> Data
##############################

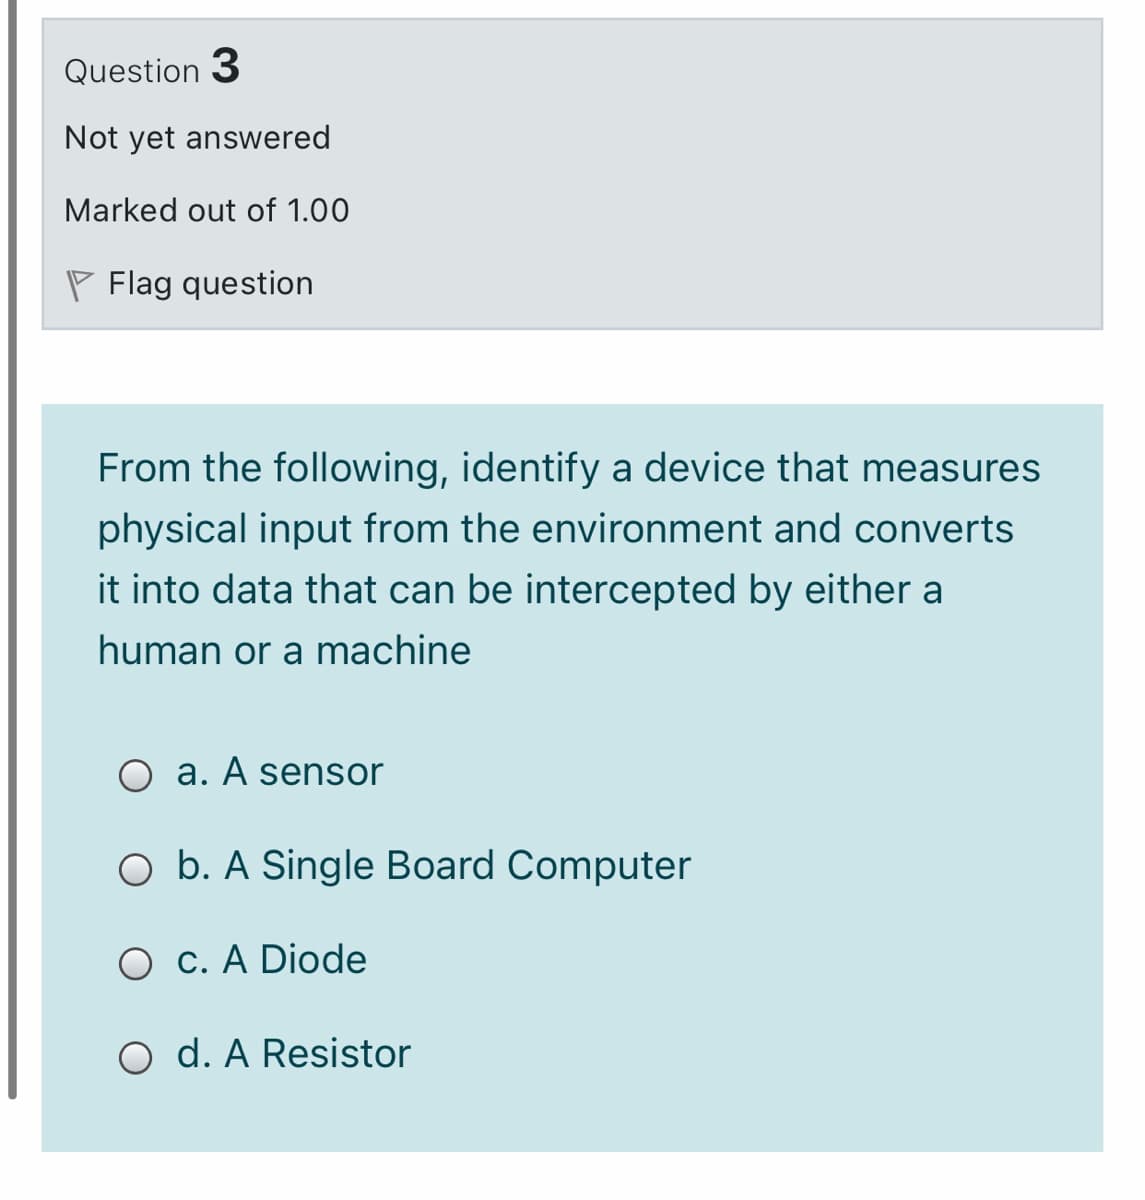 Question 3
Not yet answered
Marked out of 1.00
P Flag question
From the following, identify a device that measures
physical input from the environment and converts
it into data that can be intercepted by either a
human or a machine
O a. A sensor
O b. A Single Board Computer
O c. A Diode
O d. A Resistor

##############################

> Exercise
Count the lines in the entries where the string "that" appears, and report only the number.

> Answer
2